In 2009, California declared Harvey Milk Day a state holiday on the slain civil rights leader’s birthday, May 22nd, despite vitriolic protests from the Religious Right. Now, Jerry Cox of the Arkansas Family Council and the Family Council Action Committee is warning that by honoring Milk, children will be forced to cross-dress and have mock gay weddings, telling the American Family Association’s OneNewsNow that schools should instead spend more time honoring the Founding Fathers who “exemplified all the good in mankind in their life”:
Jerry Cox, president of the Family Council Action Committee in Little Rock, sees a double standard in public schools, as officials refuse to honor Christian leaders.
"On the other hand, if a person has left-leaning philosophies, a left-leaning theology, a left-leaning view of the world, then it seems that it's always in vogue to honor those people and to have a special holiday for them," Cox notes.
Children will be required to participate in exercises that honor Milk, which could include mock homosexual "weddings" and cross-dressing contests, as well as writing or reading activities. The pro-family leader decides that public schools are failing to promote good role models for students.
"What we ought to be doing is holding up the lives of people that were truly great, people like the Founding Fathers -- the ones who have exemplified all the good in mankind in their life," Cox contends.

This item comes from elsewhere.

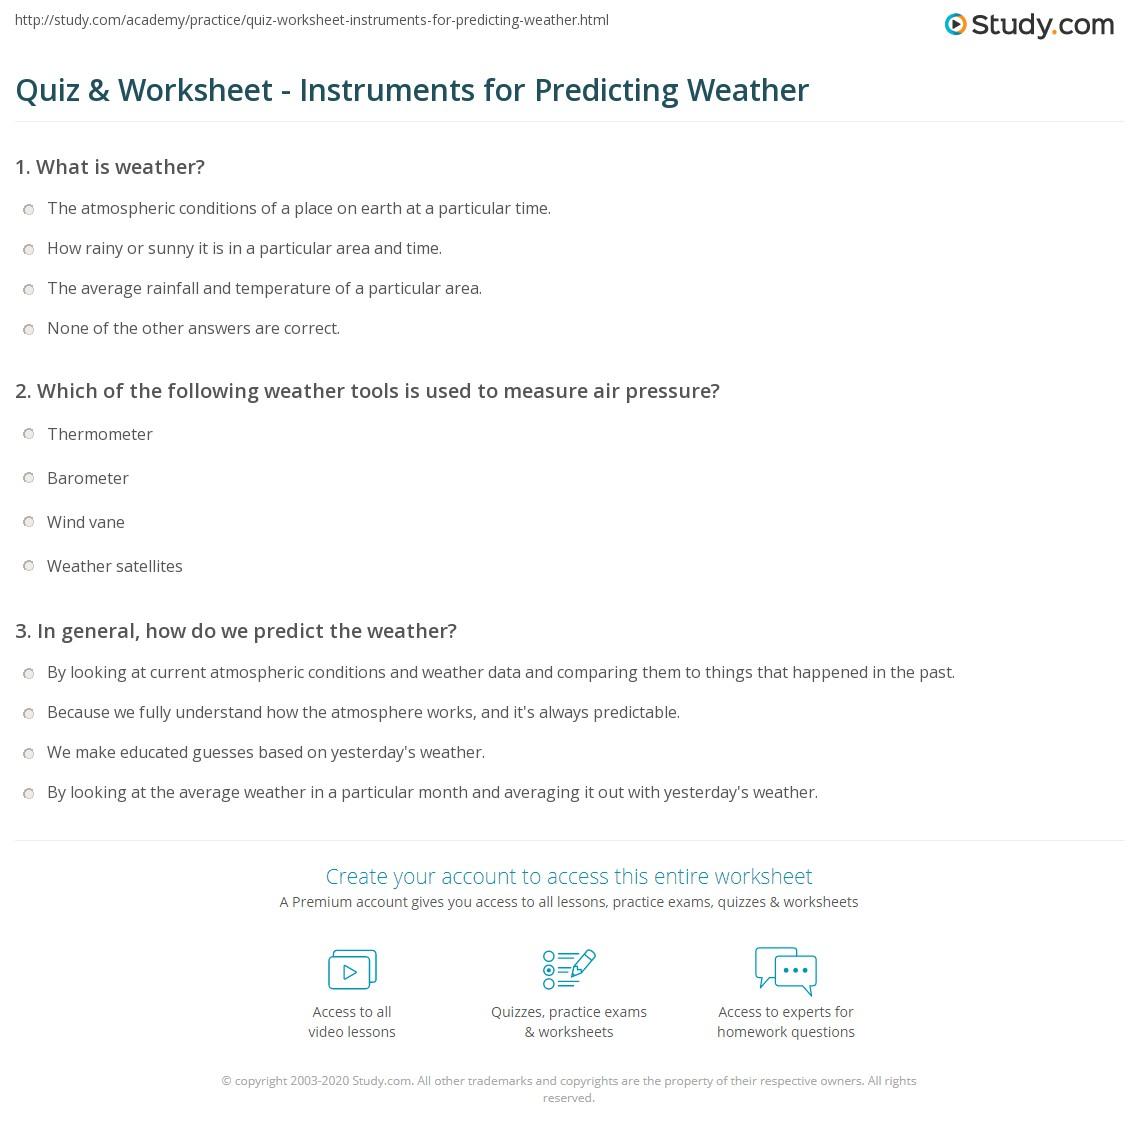 Worksheets Weather Tools Worksheet quiz worksheet instruments for predicting weather study com print the tools maps symbols worksheet

Cox isn’t alone in claiming that a Harvey Milk Day would include mandatory cross-dressing, as Save California’s Randy Thomasson argued in 2009:
"The bill -- which will honor a sexual predator, a polygamous relationship advocate, and a public liar -- and extend a homosexual, bisexual, transsexual agenda as a role model to children to aspire to is going to the governor after a short stop on the [California] Senate floor," Thomasson explains.
If the bill is signed, Thomasson believes public schools and colleges would be pressured to honor Milk.
"It could mean gay-pride parades on campus, mock gay weddings, and cross-dressing exercises because these are all things that Harvey Milk believed in," he adds. "And to remember his life and values is to go with his sordid history, both publicly and privately, that are detailed in his biography."